Vaping could help people quit smoking, study says

Health


If one of your resolutions was to quit smoking, vaping might be just the thing you need. 

New research shows that people who start using e-cigarettes stop smoking tobacco cigarettes entirely. The latest findings, published Wednesday in Tobacco & Nicotine Research, flies in the face of previous work where scientists reported most people who vaped kept right on using old school, or combustible, cigarettes as well. 

A new study says vaping might be able to help you quit smoking. LIGHTFIELD STUDIOS – stock.adobe.com
Close-up of a person's fingers breaking a cigarette in half.
Nicotine in any form can be harmful, but many experts see quitting tobacco as a step in the right direction. mbruxelle – stock.adobe.com

“Our findings here suggest that the times have changed when it comes to vaping and smoking cessation,” study co-author Karin Kasza of Roswell Park Comprehensive Cancer Center in Buffalo, NY, said in a press release.

Between 2013 and 2016, the number of people who quit smoking was virtually identical among both e-cigarette users and traditional smokers: 15.5% of e-cigarette users quit and 15.6% of smokers quit. 

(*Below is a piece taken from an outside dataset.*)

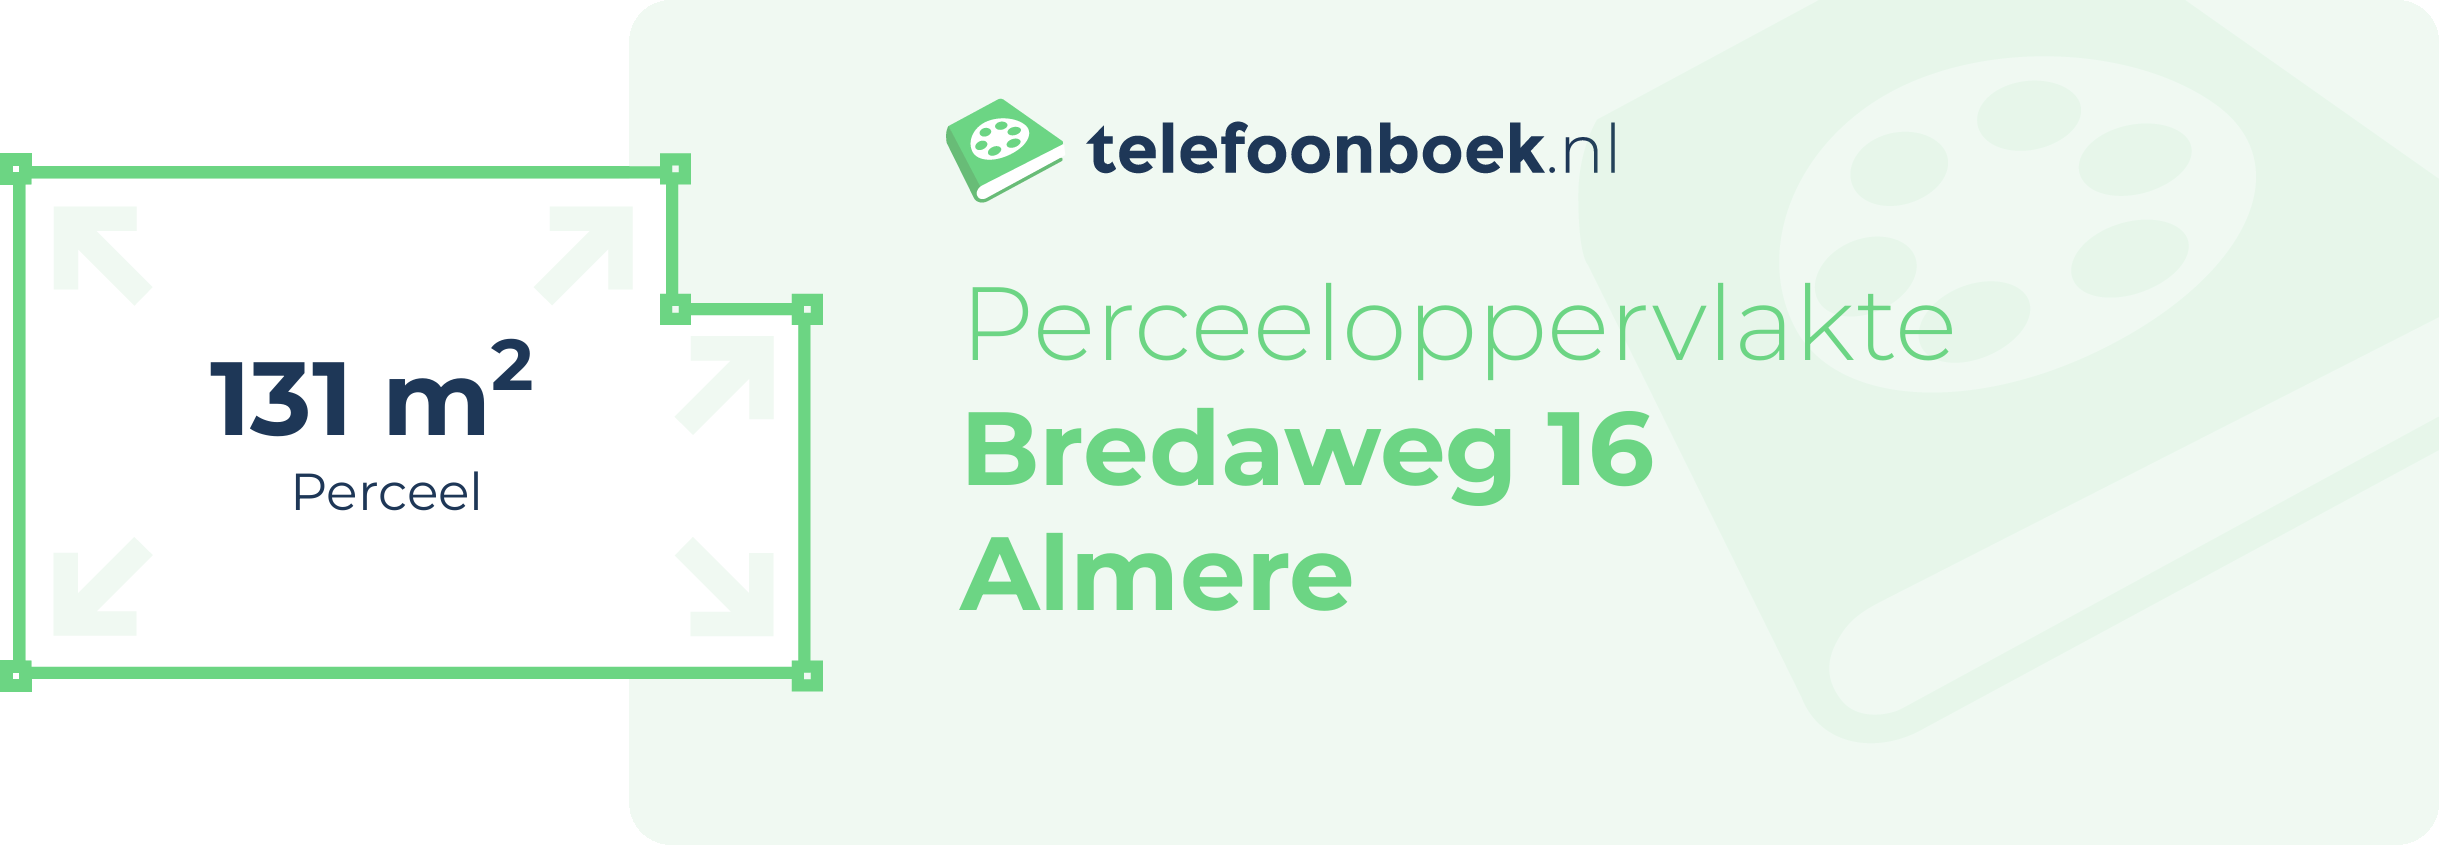 Perceeloppervlakte Bredaweg 16 Almere
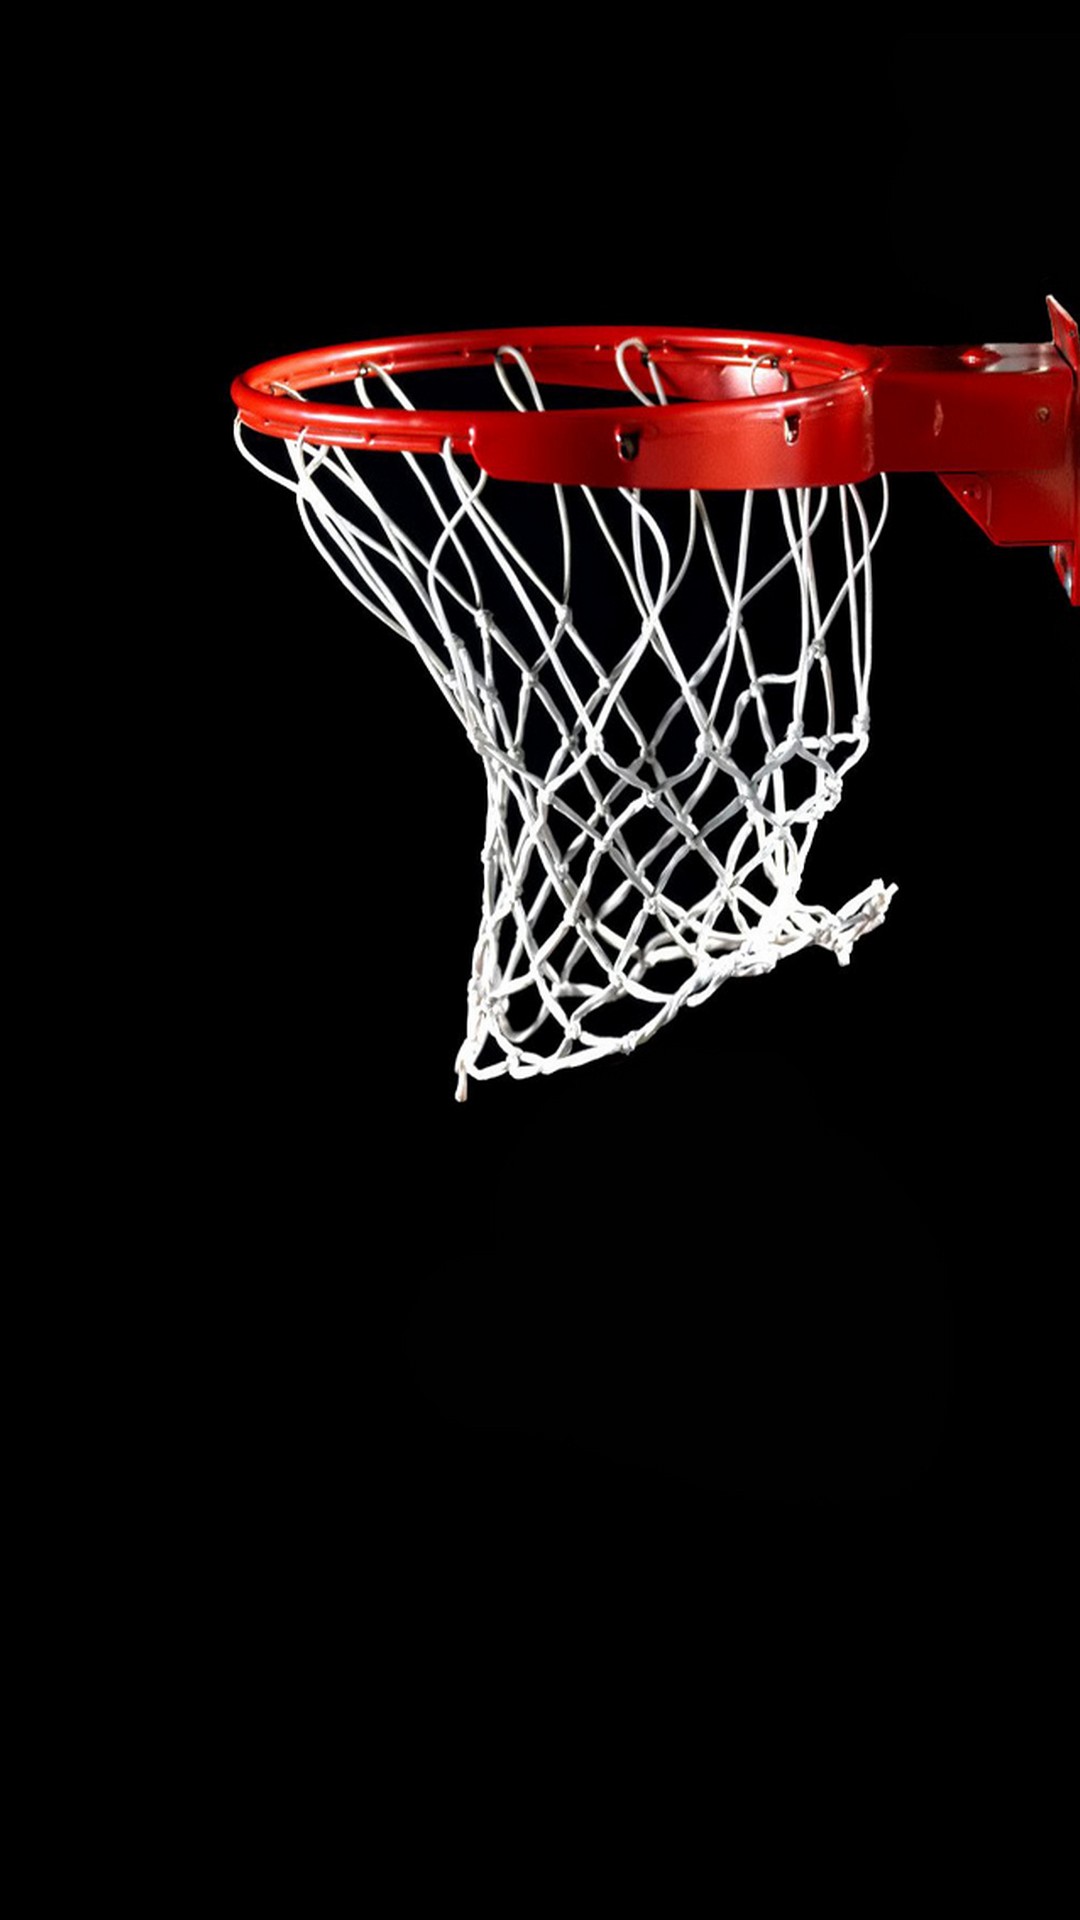 Nba HD Wallpaper For Mobile Basketball

But since then, things have shifted. From 2016 to 2017 and again from 2018 to 2019, 20.1% of e-cigarette users stopped smoking, compared to just 16.5% of those who did not vape. The same trend continued through 2021: 30.9% of e-cigarette users stopped smoking, compared to just 20% who did not use e-cigarettes. 

Researchers aren’t sure why the shift occurred, but they speculate it could have something to do with how well e-cigarettes deliver nicotine.

“While our study doesn’t give the answers as to why vaping is associated with cigarette quitting in the population today when it wasn’t associated with quitting years ago, design changes leading to e-cigarettes that deliver nicotine more effectively should be investigated,” Kasza said.

Since vaping hit the market roughly 20 years ago, research has been mixed on whether the electronic devices, which are especially popular among teens and 20-somethings, can be a helpful tool in quitting smoking. This latest study adds to another small clinical trial done earlier this year that backs up the same idea. 

In February, the New England Journal of Medicine published a trial that showed that almost 30% of smokers who were given free e-cigarettes and counseling were still tobacco free at the six-month mark, compared to just over 16% who received standard counseling. 

Those researchers proposed that vaping is helpful because it mimics cigarettes in the delivery of nicotine, versus the way that a nicotine patch or gum works.

“Switching over to an e-cigarette, where you can have more frequent and multiple, smaller hits of nicotine rather than a flat, kind of plateaued-like amount of nicotine over a longer period of time, is going to be more useful for patients who are already addicted to cigarettes because it mimics their cigarette pattern,” Dr. Richard Stumacher, of Northwell Health in New York, who was not involved with the study, told MedPage Today at the time. 

Still, experts caution against vaping as a cure-all. Quitting nicotine use entirely is still the healthiest thing a person can do — even if they’ve been smoking or vaping for years. And some doctors feel that simply replacing one type of nicotine for another, regardless of the method of delivery, isn’t solving anything.

“I would not see these data as encouraging or suggestive that electronic cigarettes enable adults to quit smoking. They are replacing nicotine usage from one type to another, which will not result in true smoking cessation,” Dr. Farrah Kheradmand, who was not involved with the study, told MedPage Today.

The Food and Drug Administration (FDA) also agrees. 

“There are no safe tobacco products,” the FDA notes on their website. The latest National Youth Tobacco Survey estimates that more than 2.1 million young people use e-cigarettes daily. Vaping can lead to a variety of health concerns, including shortened attention spans, dizziness, headaches, vomiting and more.